Monday, April 24, 2006

Religion & IQ

I was reading the Dilbert.com blog (which I like because of Scott Adam's humour). Anyway, he was talking about how the more educated one person got the less likely they were to ge "religious" (actually this also applied to intelligence as well). There were various studies/articles quoted. One of which Scott himself provided. At first I was tempted to refute this whole thing. The implication is pretty clear. The more intelligent you are the less likely you are to believe is something like that (you know, ridiculous). But a scripture came to mind. God uses the foolish to confound the wise (I also put this into the comment section).

But on further thought, it dawned on me two things. One the way we currently measure "intelligence" was both arbitrary and biased, and relative. That is being smart is not an absolute thing you are but, a relative to the population. If society gets "smarter" and you don't, it could mean you could now be stupid where before you were "smart". It isn't an absolute measure. Second that the "dumb" or even "average" understand their true state... that is they dont' know a whole lot.

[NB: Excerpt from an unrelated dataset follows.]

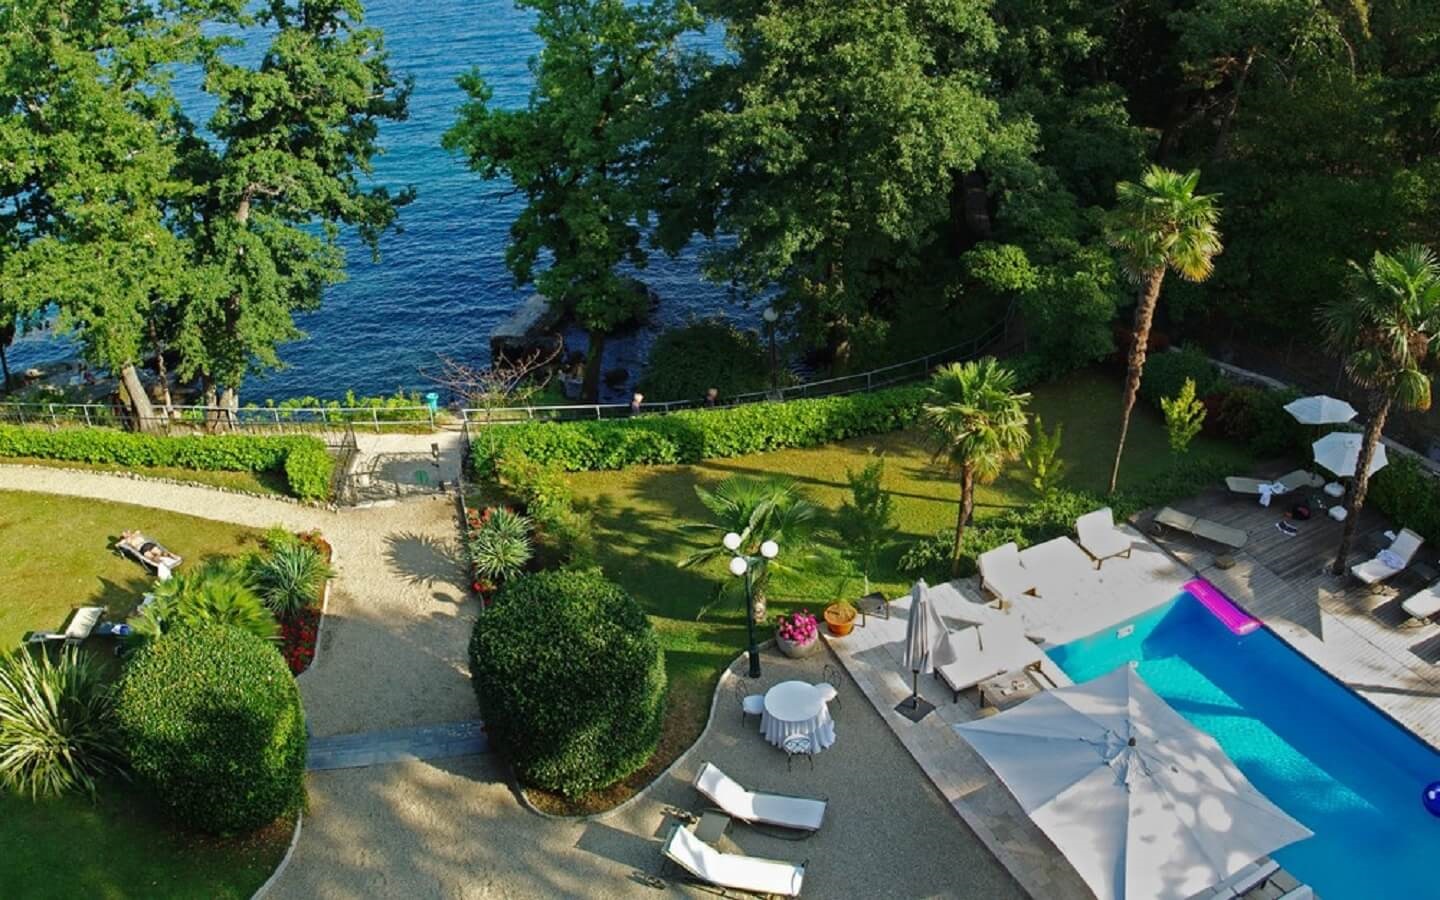 Hotel Villa Astra, direkt am Meer in Lovran, Kvarner Riviera, Kroatien.

The main problem that one can run into whe one is "smart" is conceit, arrogance.

The average "smart" person isn't anywhere near as smart as they think they are. The "average" or "dumb" person would be more likely to understand they don't know. Essentially, they are more honest, and humble. One example I understand this with is medicine. A lot of horrible things were done to a lot of people because of certains beliefs that if fact they knew all they needed to . E.g. giving drugs without really understanding how it's long term affects will turn out.

Indeed, my experience has been that "intelligent" people are some of the dumbest people I've encountered.